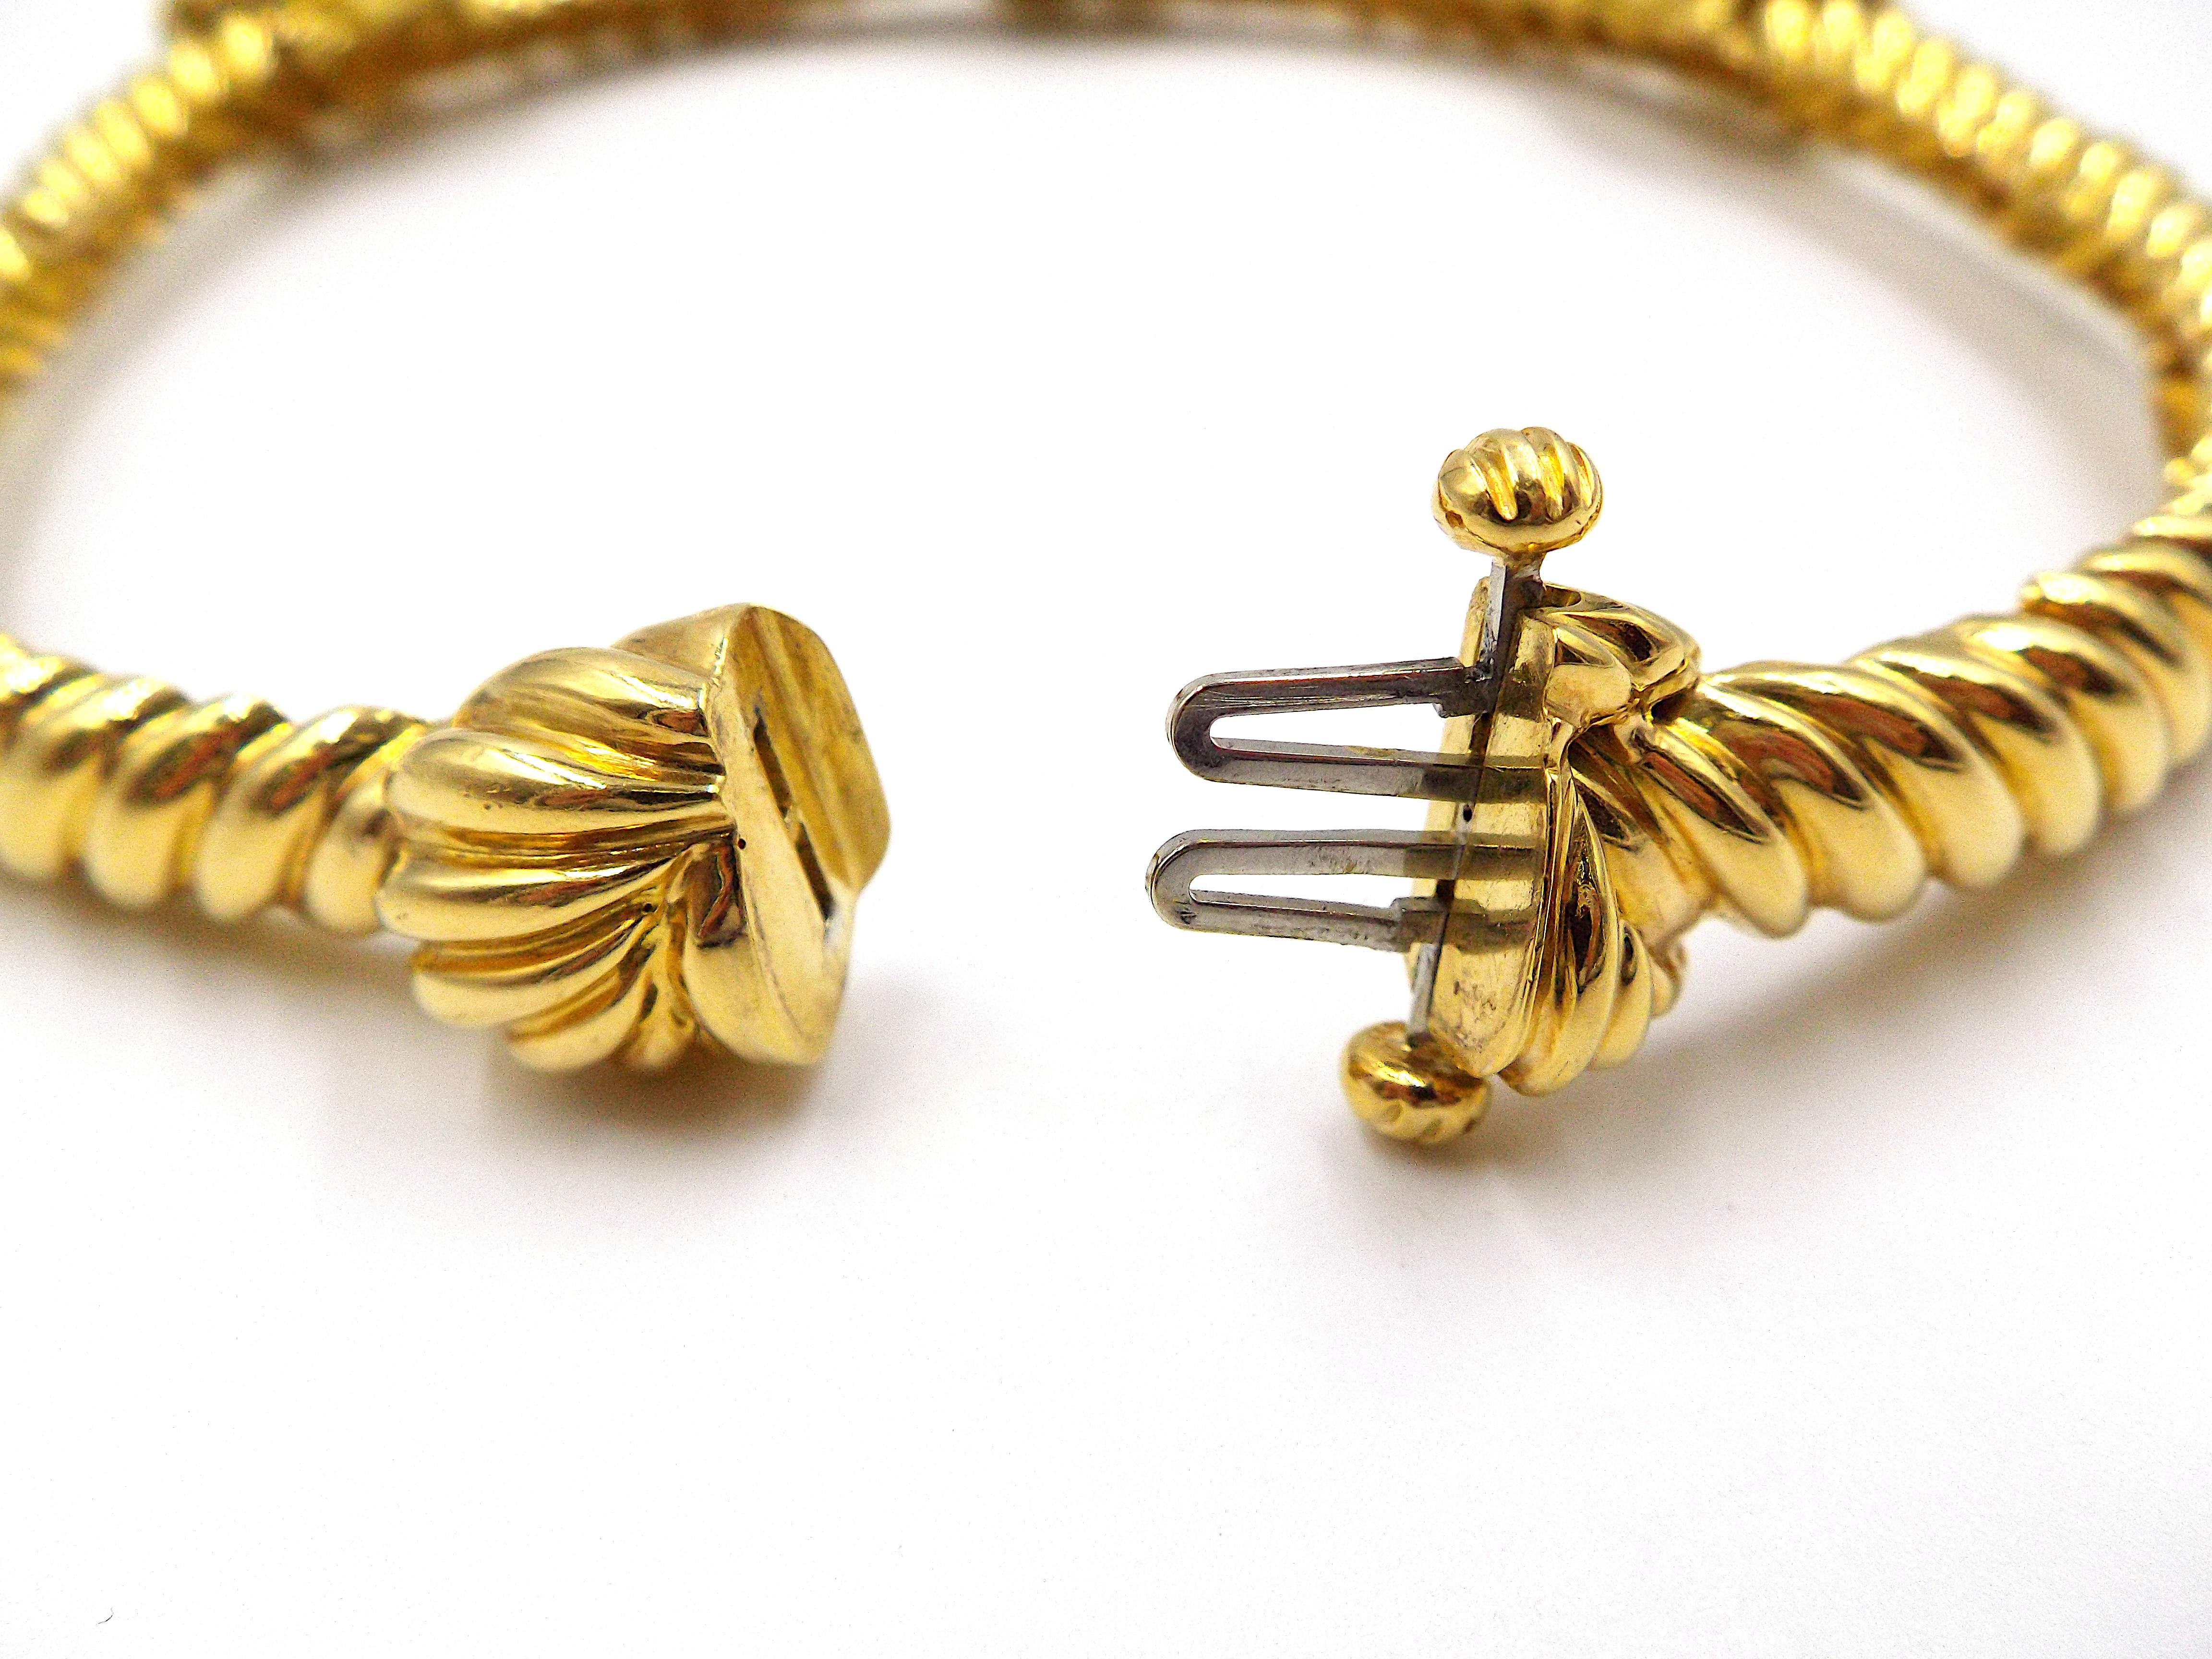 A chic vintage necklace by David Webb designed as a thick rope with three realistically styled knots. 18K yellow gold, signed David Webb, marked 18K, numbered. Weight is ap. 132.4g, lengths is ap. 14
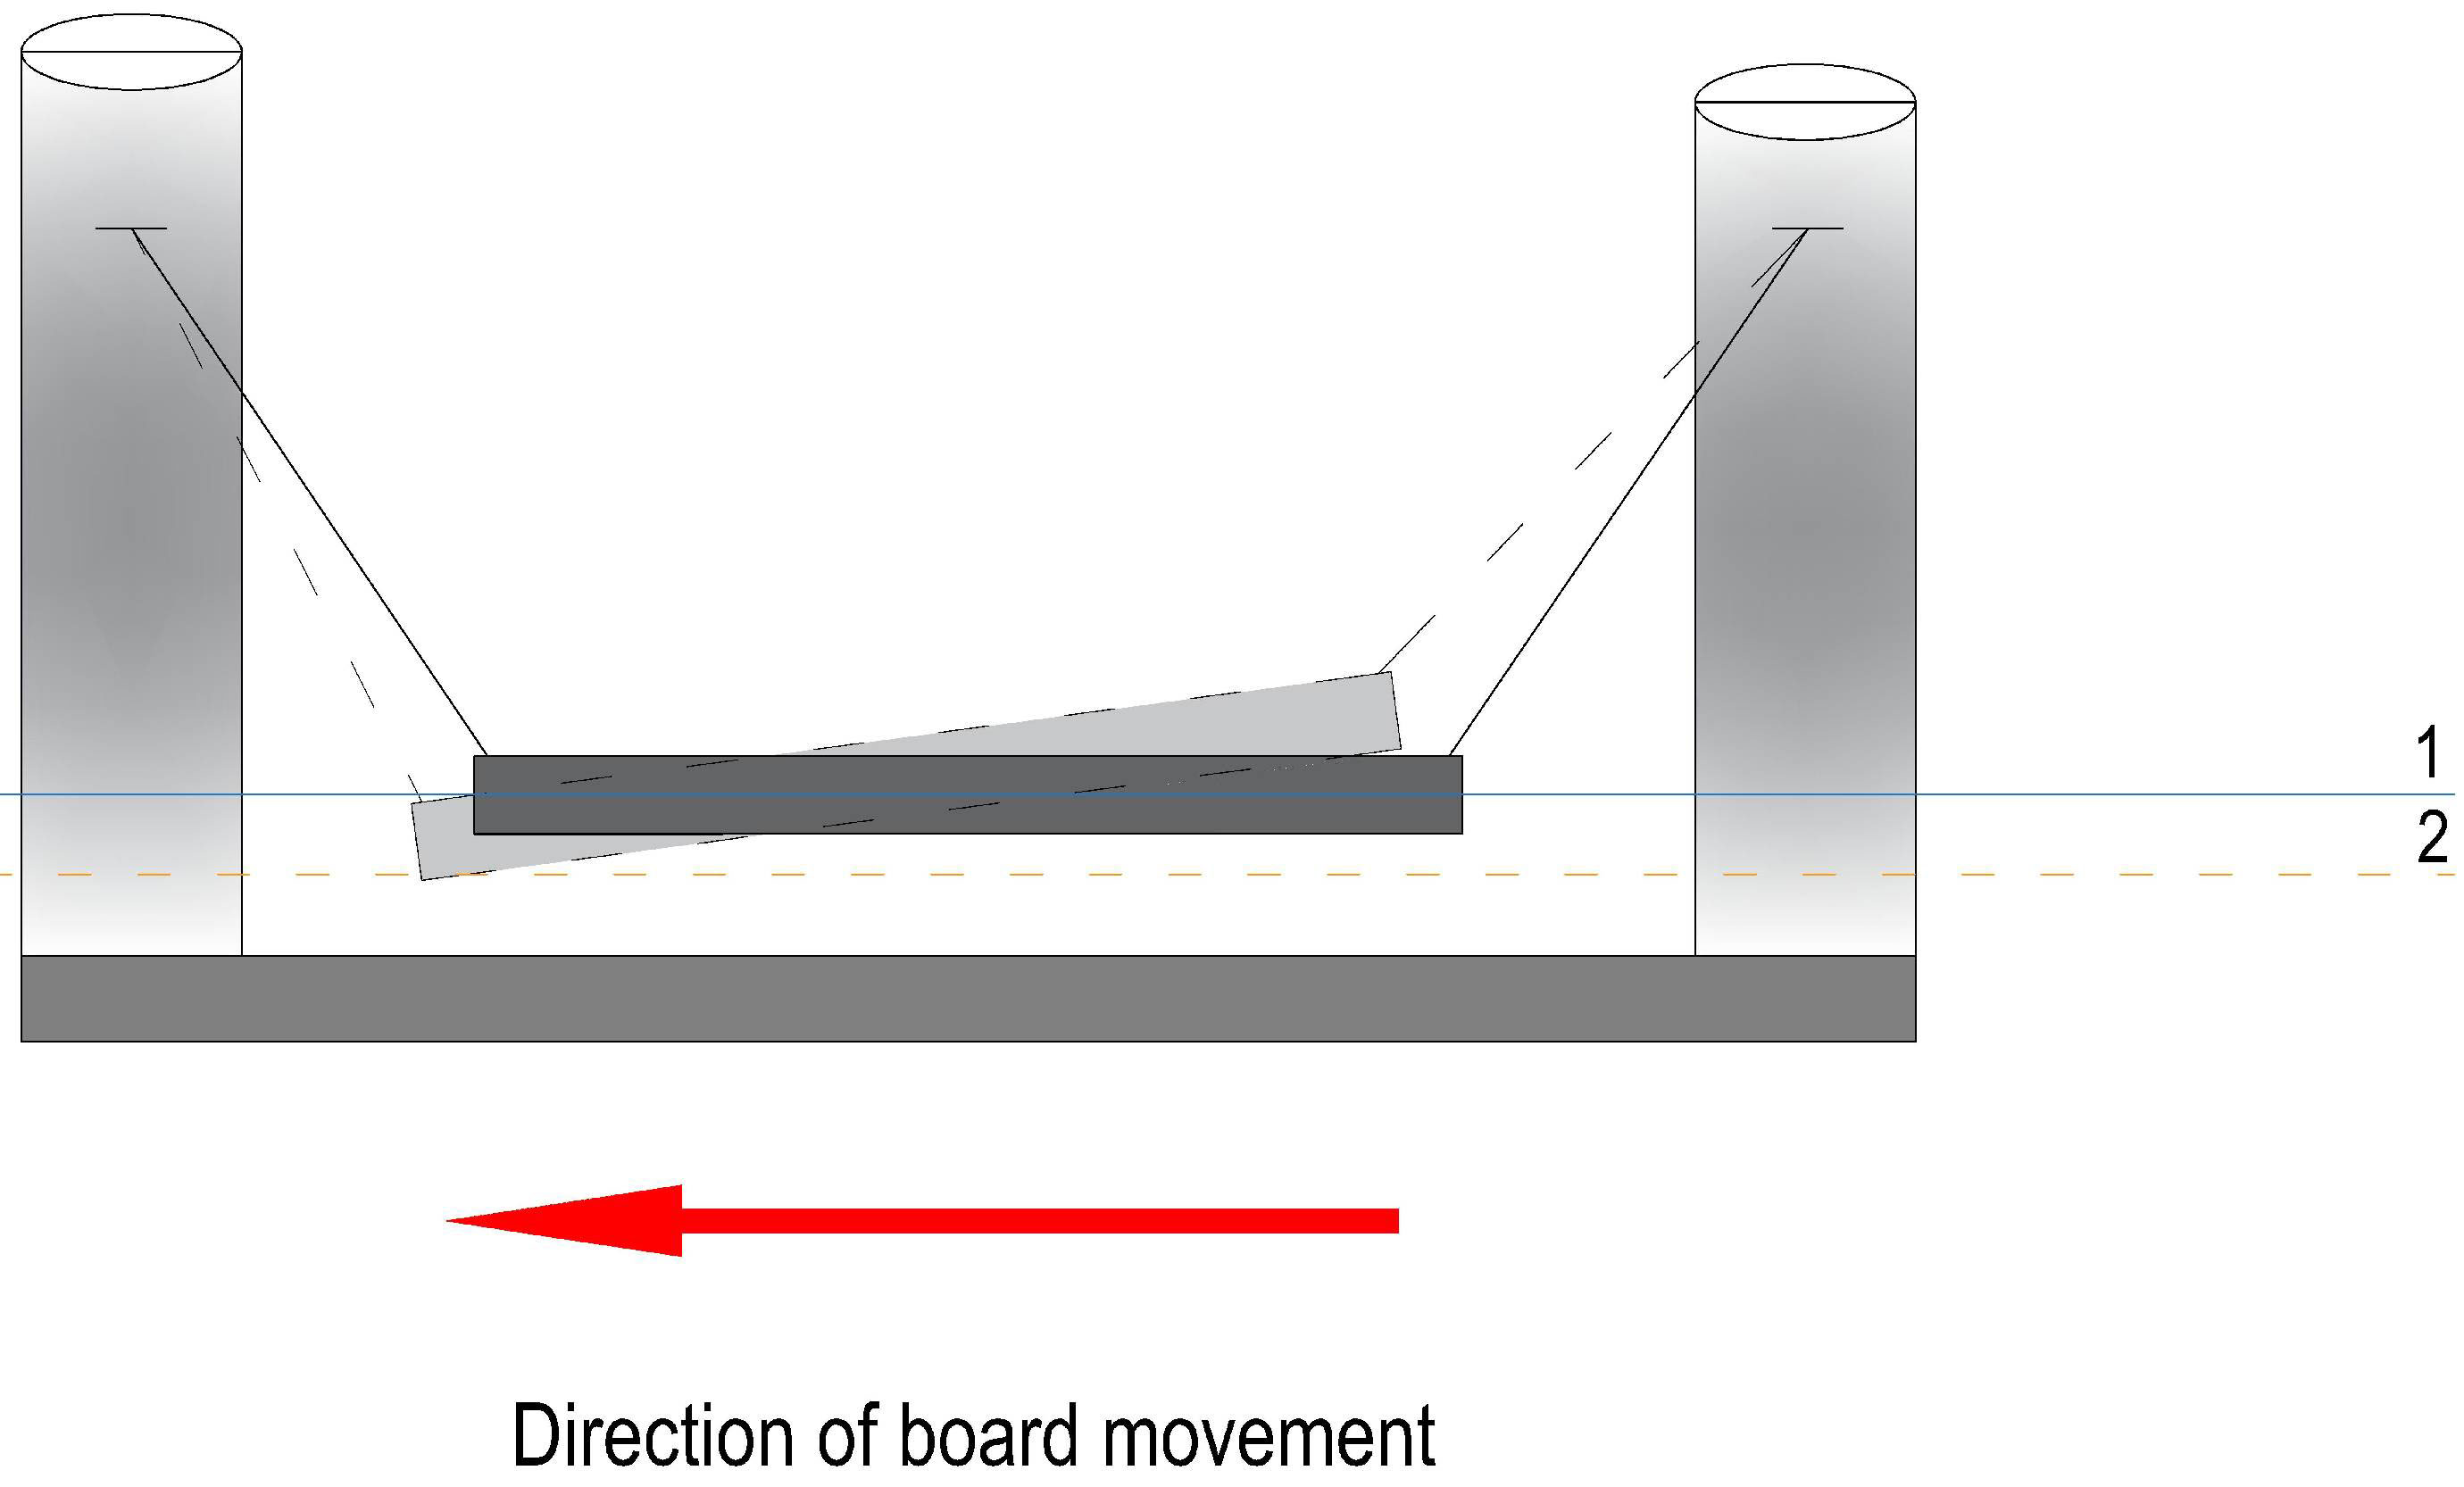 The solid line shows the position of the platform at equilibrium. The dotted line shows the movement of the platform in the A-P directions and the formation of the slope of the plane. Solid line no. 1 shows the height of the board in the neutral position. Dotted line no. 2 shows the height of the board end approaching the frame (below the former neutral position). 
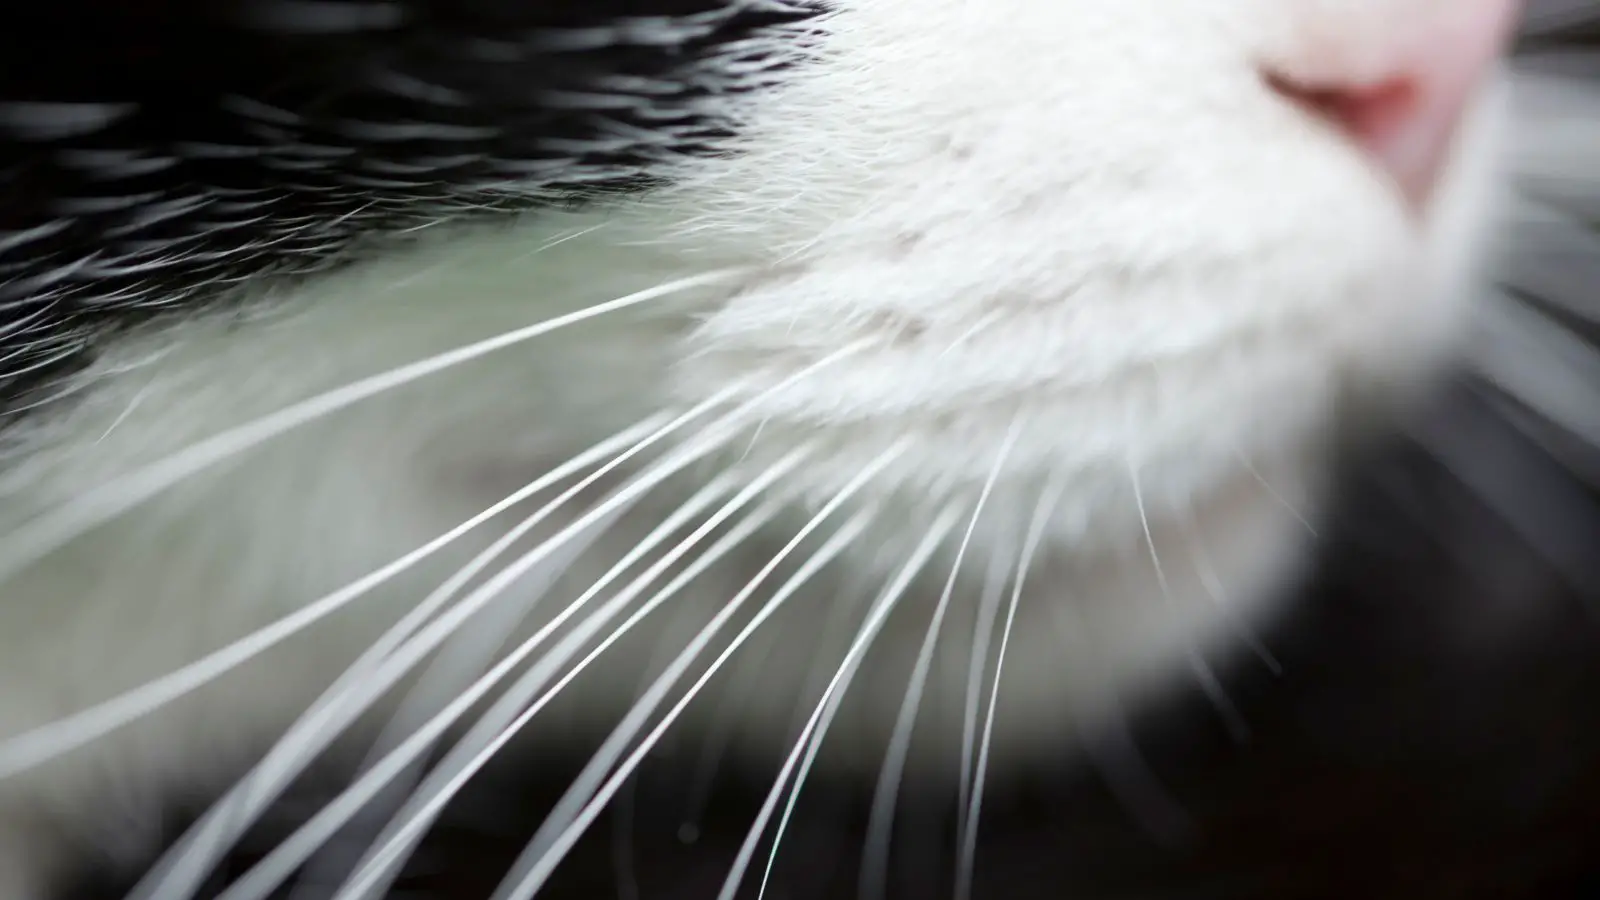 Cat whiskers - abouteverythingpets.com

- Task requirements -
I would like the material repeated in full and exactly, with its images omitted.

- Solution for this exercise -
 A chic vintage necklace by David Webb designed as a thick rope with three realistically styled knots. 18K yellow gold, signed David Webb, marked 18K, numbered. Weight is ap. 132.4g, lengths is ap. 14
 The solid line shows the position of the platform at equilibrium. The dotted line shows the movement of the platform in the A-P directions and the formation of the slope of the plane. Solid line no. 1 shows the height of the board in the neutral position. Dotted line no. 2 shows the height of the board end approaching the frame (below the former neutral position). 
 Cat whiskers - abouteverythingpets.com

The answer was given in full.